Education: A Social Right and a Development Imperative

Education’s importance has been emphasized by a number of international conventions, including the Universal Declaration of Human Rights and the Programme of Action of the 1994 International Conference on Population and Development.

The Fourth World Conference on Women, held in Beijing in 1995, recognized that women’s literacy is key to empowering women’s participation in decision making in society and to improving families’ well-being. In addition, the United Nations has articulated the Millennium Development Goals (MDGs), which include goals for improved education, gender equality, and women’s empowerment. The MDGs emphasize education’s essential role in building democratic societies and creating a foundation for sustained economic growth.

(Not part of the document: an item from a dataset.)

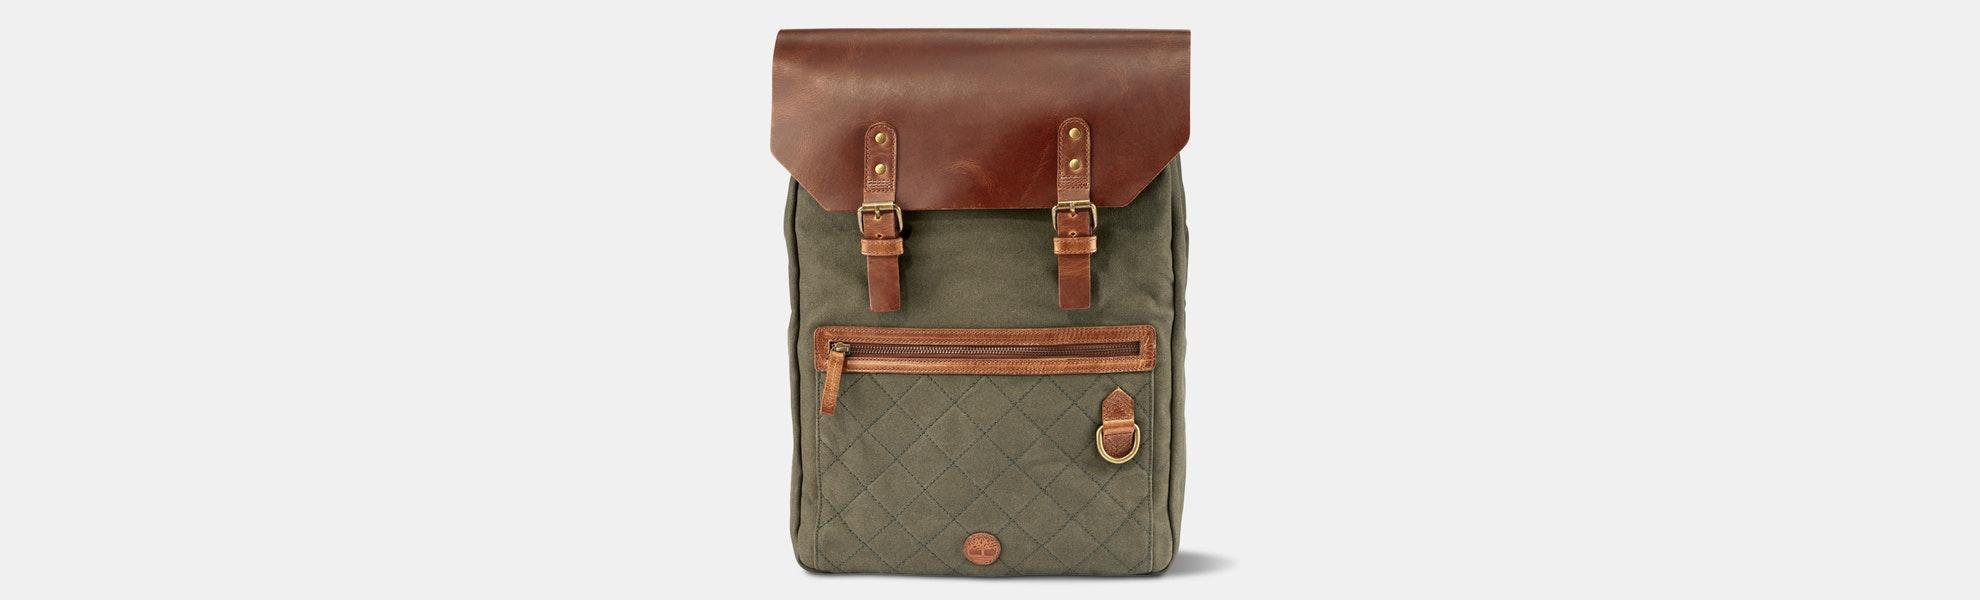 Timberland Nantasket Bags

Girl Child Education contributes directly to the growth of national income by improving the productive capacities of the labor force. A recent study of 19 developing countries, including Egypt, Jordan, and Tunisia, concluded that a country’s long-term economic growth increases by 3.7 percent for every year the adult population’s average level of schooling rises. Thus, Girl Child Education is a key strategy for reducing poverty, especially in Africa. According to the United Nations Population Fund, countries that have made social investments in health, family planning, and education have slower population growth and faster economic growth than countries that have not made such investments.

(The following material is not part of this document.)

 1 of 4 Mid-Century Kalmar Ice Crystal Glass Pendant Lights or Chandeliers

In the increasingly open global economy, countries with high rates of illiteracy and gender gaps in educational attainment tend to be less competitive, because foreign investors seek labor that is skilled as well as inexpensive. Various global trends pose special challenges to women who are illiterate or have limited education. Economies’ export orientation and the growing importance of small and medium-sized enterprises create opportunities for women, but women need the appropriate education and training to take full advantage of these opportunities.

In addition, the benefits of female education for women’s empowerment and gender equality are broadly recognized:

  • As female education rises, fertility, population growth, infant and child mortality fall and family health improves.
  • Increases in girls’ secondary school enrollment are associated with increases in women’s participation in the labor force and their contributions to household and national income.
  • Women’s increased earning capacity, in turn, has a positive effect on child nutrition.
  • Children — especially daughters — of educated mothers are more likely to be enrolled in school and to have higher levels of educational attainment.
  • Educated women are more politically active and better informed about their legal rights and how to exercise them.

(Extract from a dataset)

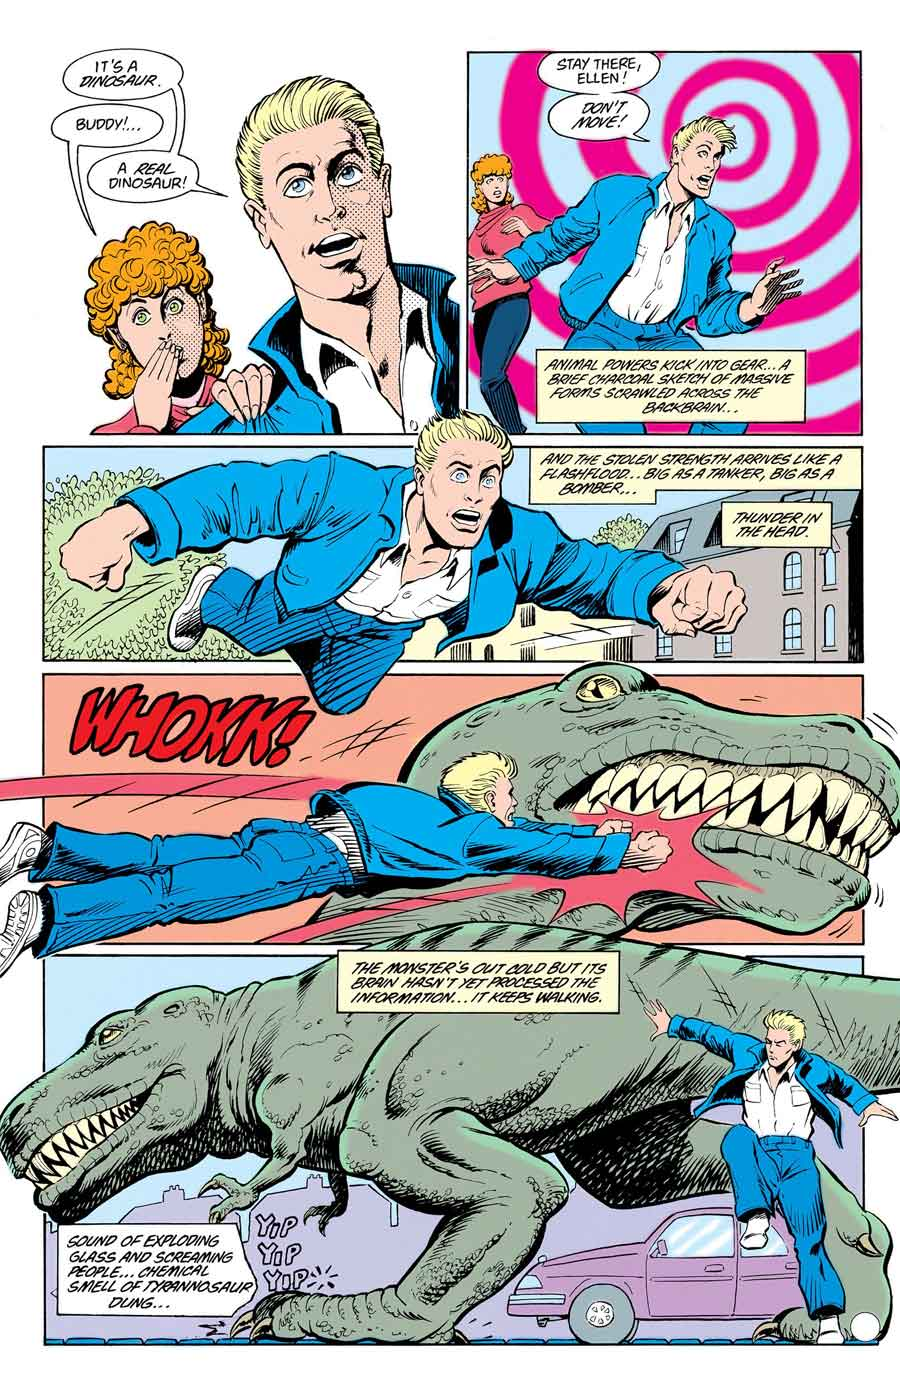 Animal Man #16 by Grant Morrison, Chas Truog and Doug Hazlewood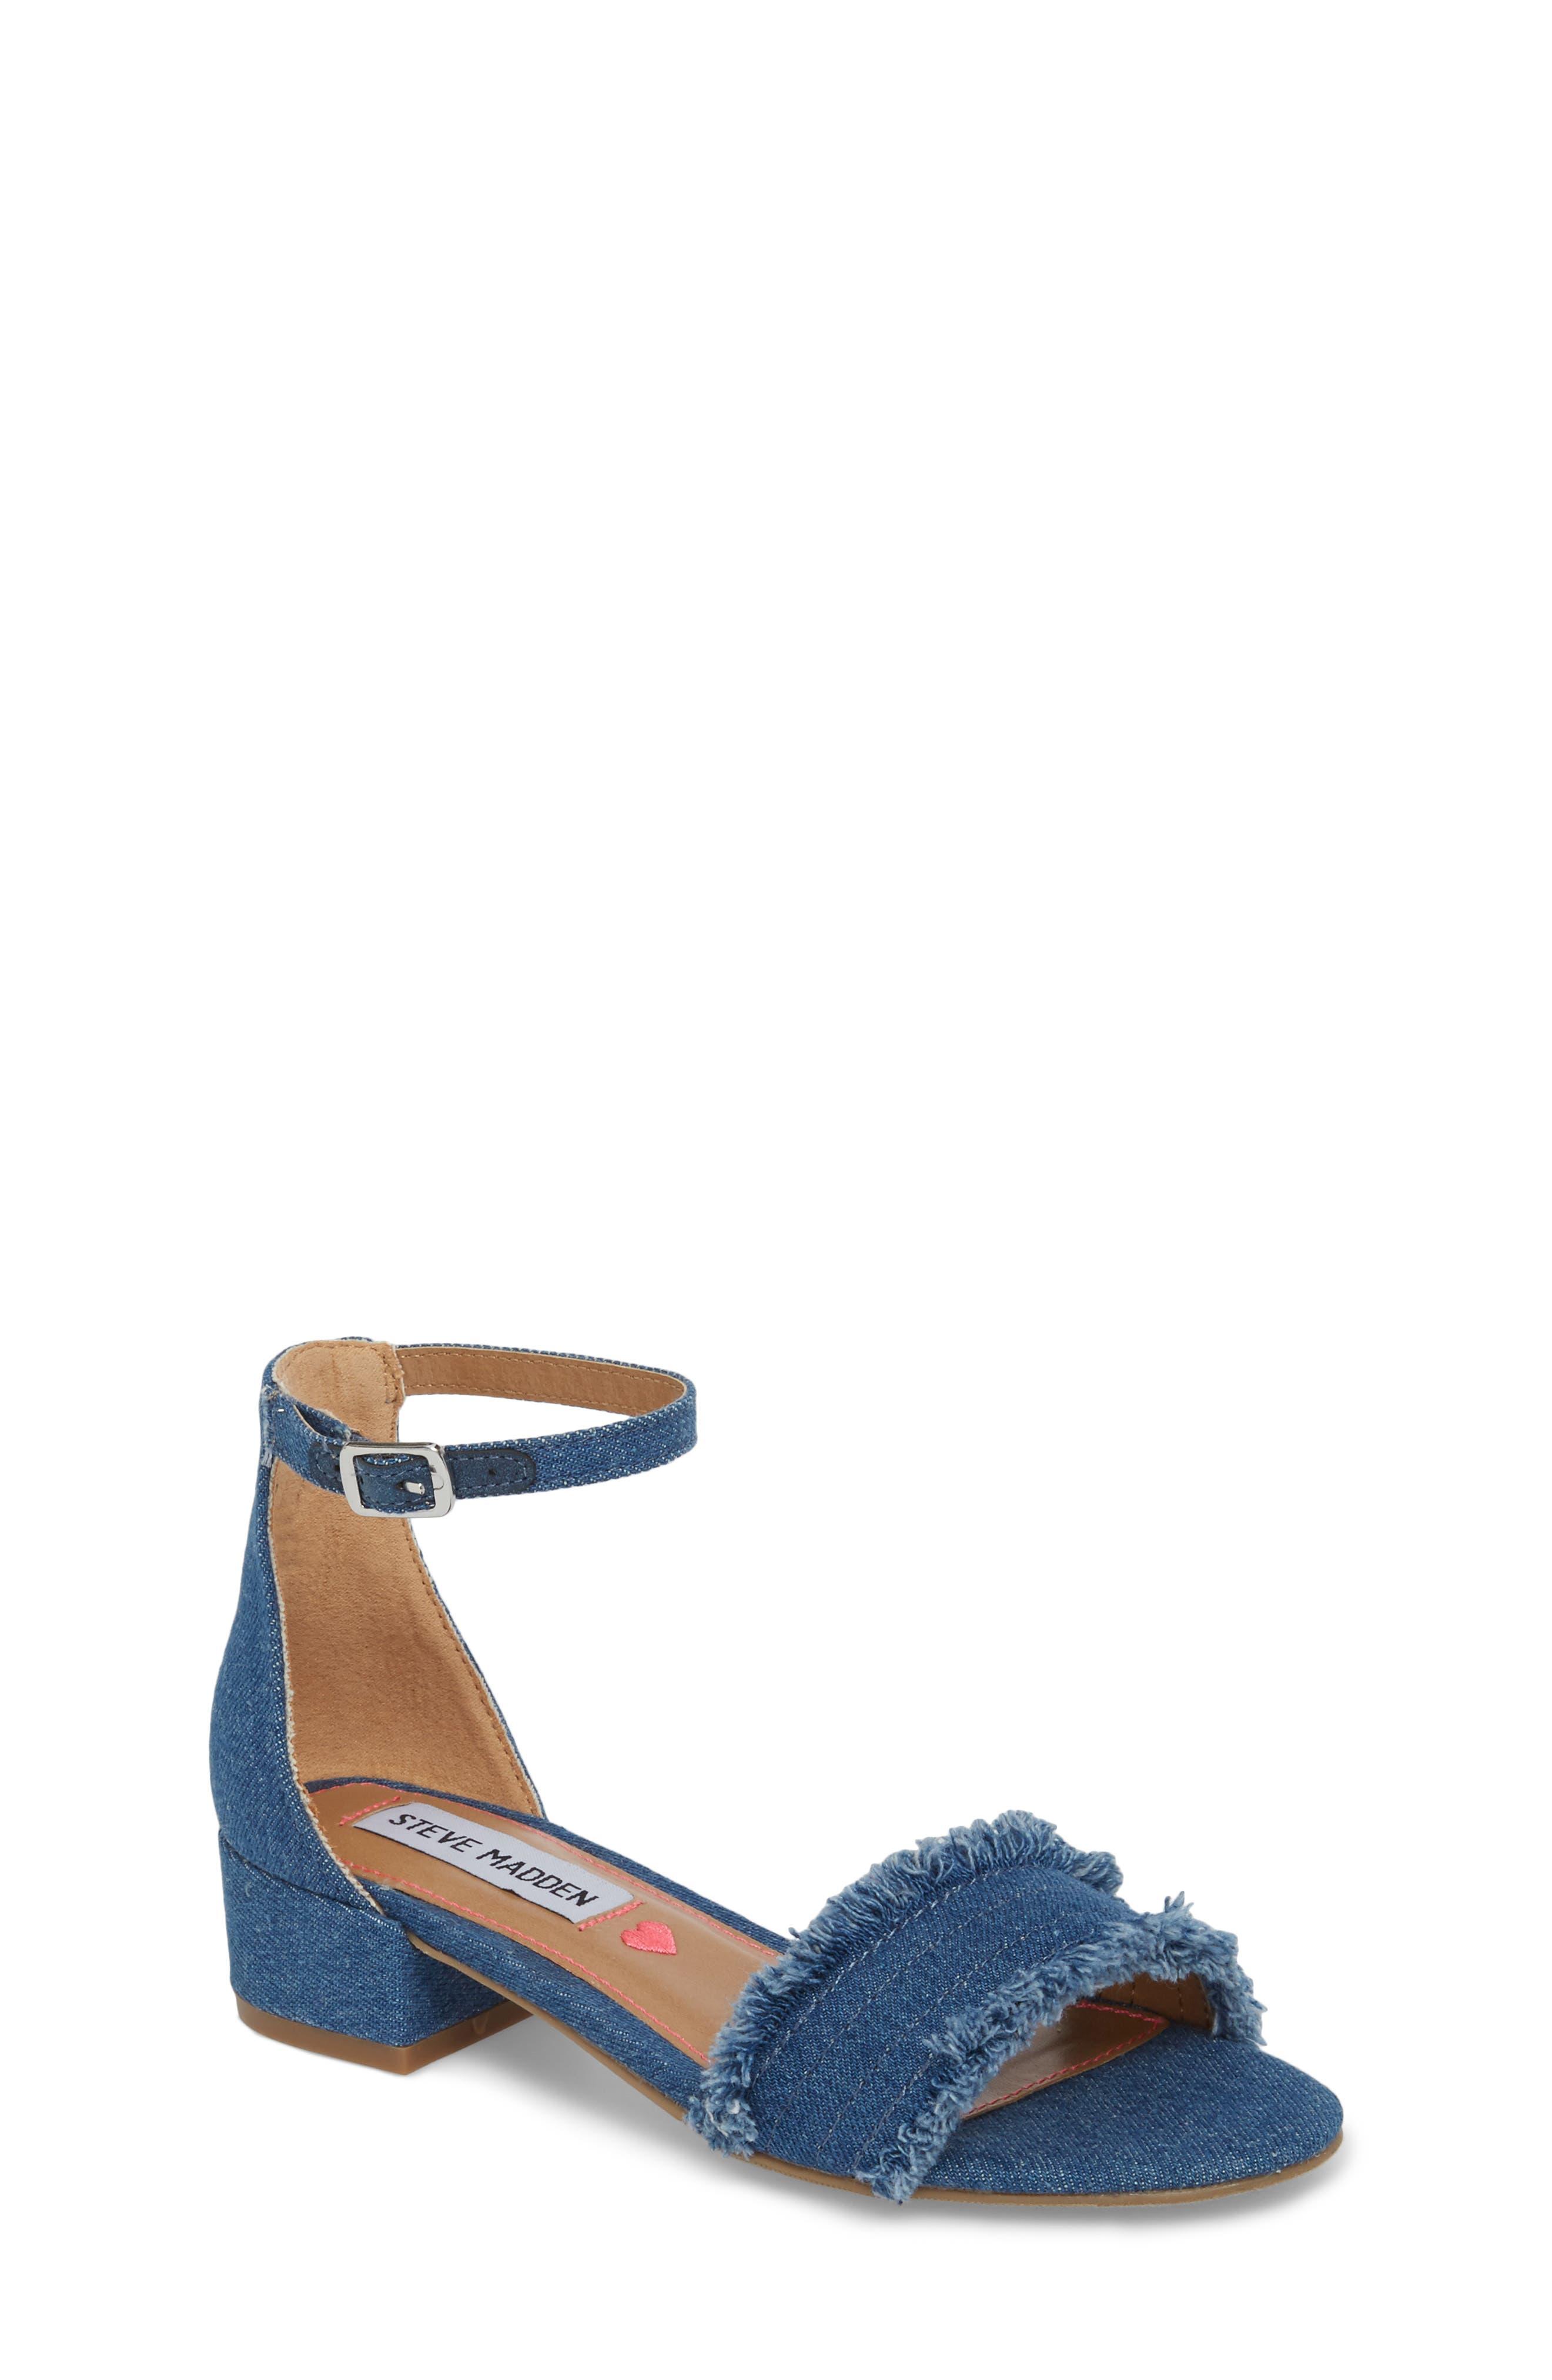 Jirene Metallic Sandal,                         Main,                         color, 401

African countries generally have lower levels of women’s education and labor force participation than other regions with similar income levels. The interaction between the region’s economic structure and its conservative culture, in which traditional gender roles are strongly enforced, is largely responsible. Men in Africa Continent are more likely to have direct access to wage employment andcontrol over wealth, while women are largely economically dependent upon male family members.